As the number of opioid-related deaths continues to rise in the United States, researchers are being prevented from studying the substances that could provide antidotes to overdose, says chemist Gregory Dudley
19 January 2023
When covid-19 hit, the US and many other countries poured huge resources into research – developing antiviral drugs, vaccines and other treatments to save lives immediately. This all-out mobilization stands in stark contrast to another major public health crisis still ravaging the country: the drug overdose epidemic.
More than 100,000 people in the US died from an overdose in 2021, almost twice as many as in 2018. Most of those deaths were related to opioids. But instead of responding to this crisis with an all-out push for better rescue interventions, policies have been promoted that stifle research and limit critical innovation. This leaves our society trying to fight this crisis with one hand tied behind our back.
The synthetic opioid fentanyl is one of the substances at the heart of the overdose epidemic. It is 50 to 100 times more powerful than morphine and highly addictive. Fentanyl overdoses can be fatal. And an alarming amount of unregulated fentanyl is being sold illegally across the US. This is, without a doubt, a big problem and a cause for concern.

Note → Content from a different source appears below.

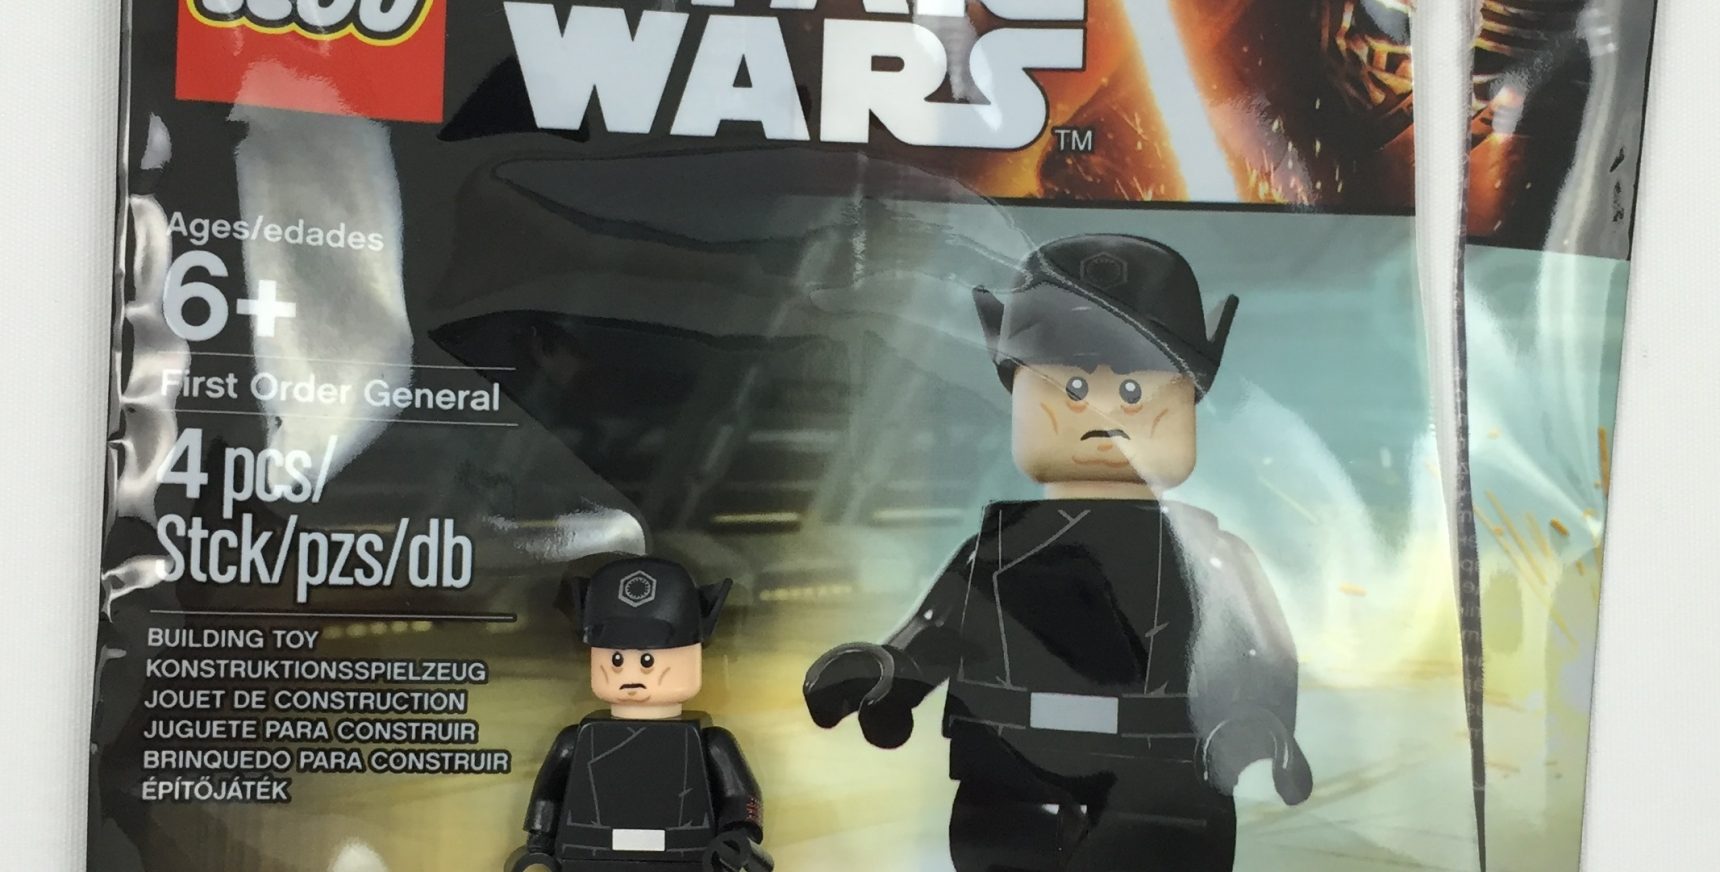 LEGO First Order General (5004406) – Unboxing & Review
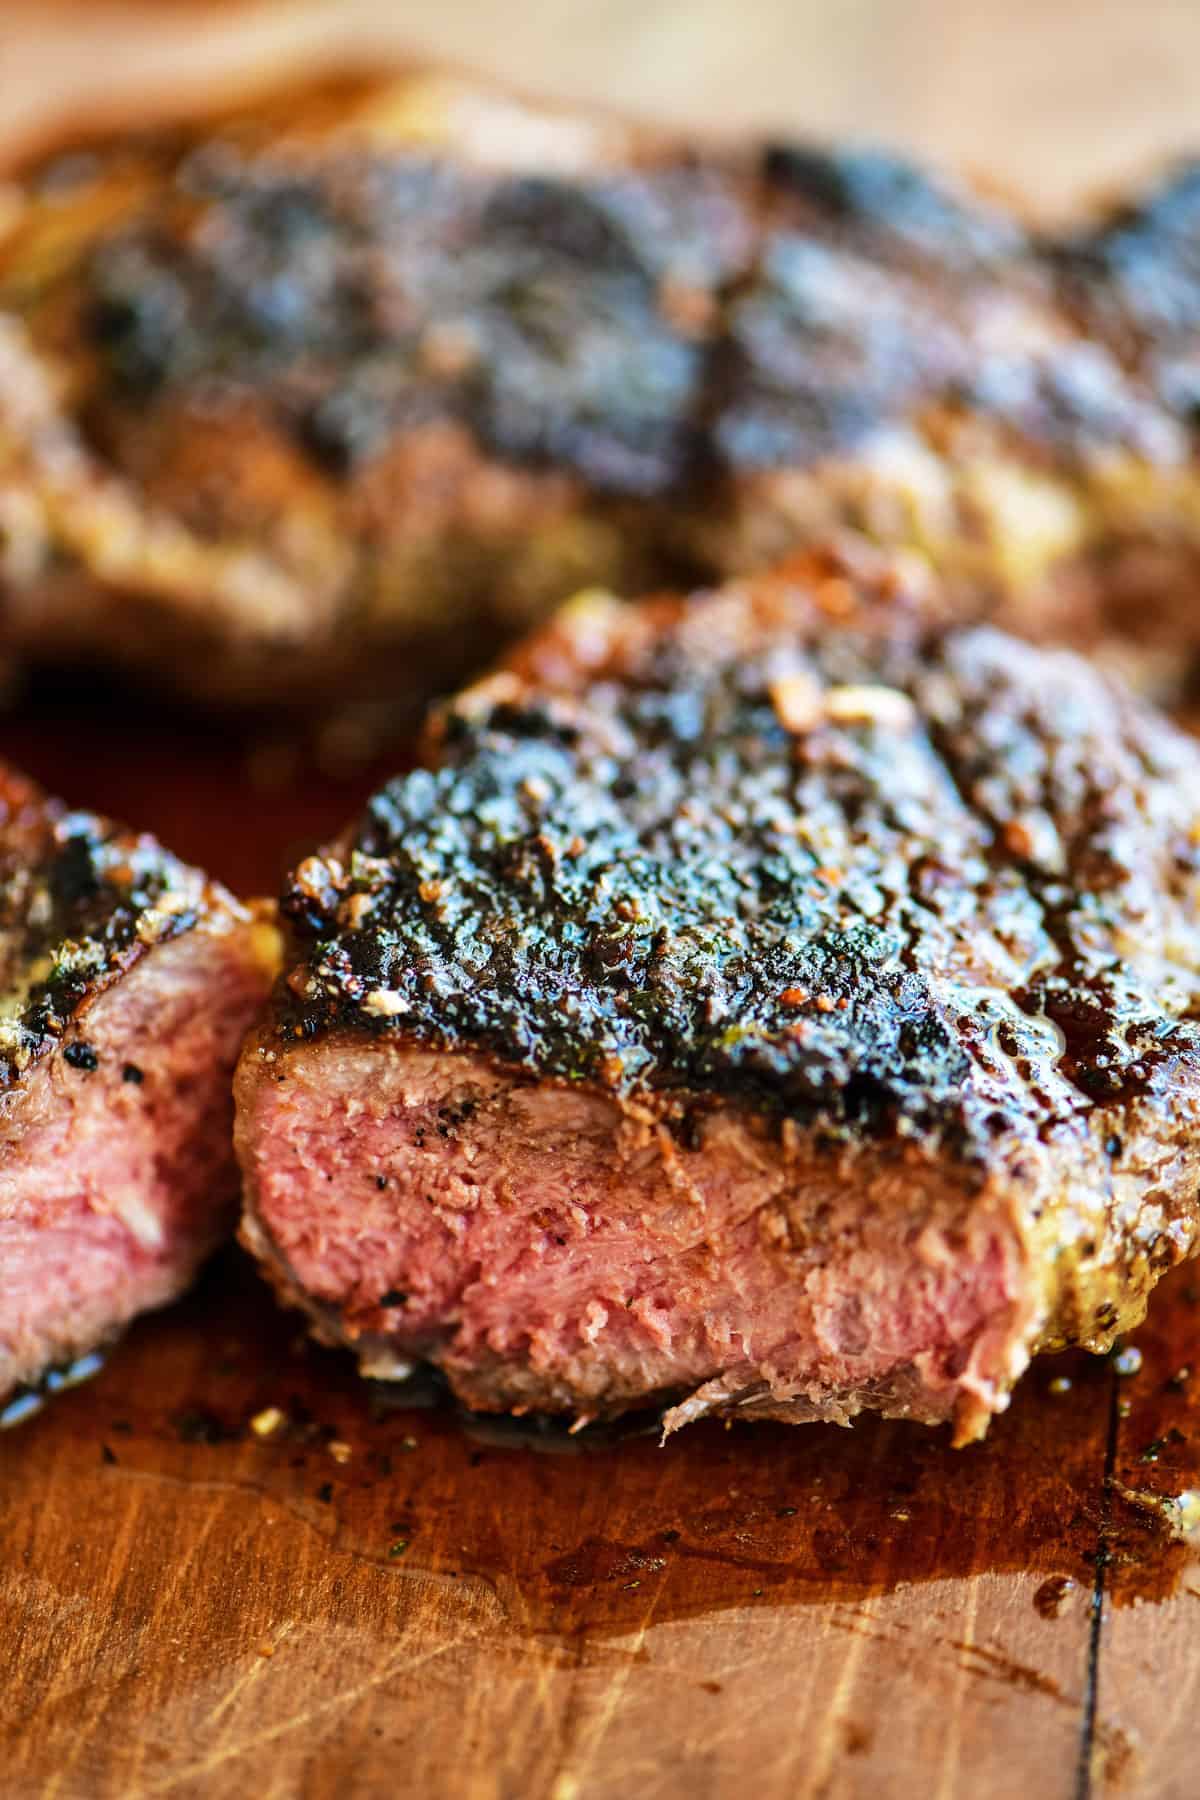 https://www.thegunnysack.com/wp-content/uploads/2019/03/How-To-Cook-Steak-On-The-Stovetop.jpg

But it is also the case that fentanyl has been approved by the US Food and Drug Administration for use in surgery and to treat severe and chronic pain, including in people with cancer. The World Health Organization has designated fentanyl as an essential medicine. The distinction between essential medicine and dangerous drug is not always easy to define.
In the United States, the Drug Enforcement Administration classifies drugs into five different categories, or “schedules”, depending on their medicinal value and abuse potential. The lower the number, the more closely the substance is regulated, and the harsher the penalties for illegal use or sale. Schedule I is reserved for drugs that have no acceptable safe medical use and a high potential for abuse. Research on Schedule I drugs is severely limited.
Fentanyl itself is a Schedule II drug. In 2018, the Trump administration classified “all fentanyl-related substances” as Schedule I drugs, assuming that they all had a high potential for abuse (and no medical use). Congress has repeatedly extended this Schedule I classification, perpetuating the assumptions.
The trouble is, compounds chemically related to fentanyl can be more or less dangerous, more or less potent, or even oppose its effects; they could act as antidotes to a fentanyl overdose. The naive assumption behind the 2018 decision made many substances – both real and hypothetical – subject to the harshest drug penalties and effectively made it impossible for scientists to work with or study them.
The aim of all this may be to discourage the development of illicit drugs, but the implications are wider and more complex. The singular defining characteristic of a “fentanyl-related substance” is molecular structure – not function, potency or abuse potential. Structure is important, but function is the main concern here.
Consider naloxone, an opioid antagonist – or antidote – that can reverse an overdose. In the state of Tennessee alone, between October 2017 and June 2022, naloxone was used to prevent approximately 50,000 deaths. Naloxone has a molecular structure related to morphine; it is a product of morphine-related research.
Could fentanyl-related research lead to new and perhaps better life-saving interventions? We won’t know unless we do the work, but there are already promising signs. The US National Institute on Drug Abuse looked internally at a small handful of substances related to fentanyl and revealed that at least one (we don’t know which) showed antagonist properties similar to naloxone. We should follow that lead, but research aimed at developing better fentanyl remedies has now stopped.
Meanwhile, illicit trafficking of the fentanyl variant continues unabated and opioid overdoses continue to rise.
Last year, I joined more than 100 other scientists to send a letter to the Biden administration asking for changes that would make it easier, not harder, to develop overdose reversal medications. Last October, New Jersey senator Cory Booker introduced the TEST Act, which questions the assumptions behind classifying all “fentanyl-related substances” as Schedule I drugs. As written, the Act would expand TESTED the temporary scheduling of fentanyl-related substances for two years but would also require the government to test more of those substances, report the results and remove any that do not belong in Schedule I. It is a common sense approach that has widespread support.
We must treat the overdose epidemic in the US as an urgent public health crisis. It is time to loosen the hands of scientists and let us fight this with everything we have.
Gregory Dudley is a professor of chemistry and department chair at West Virginia University.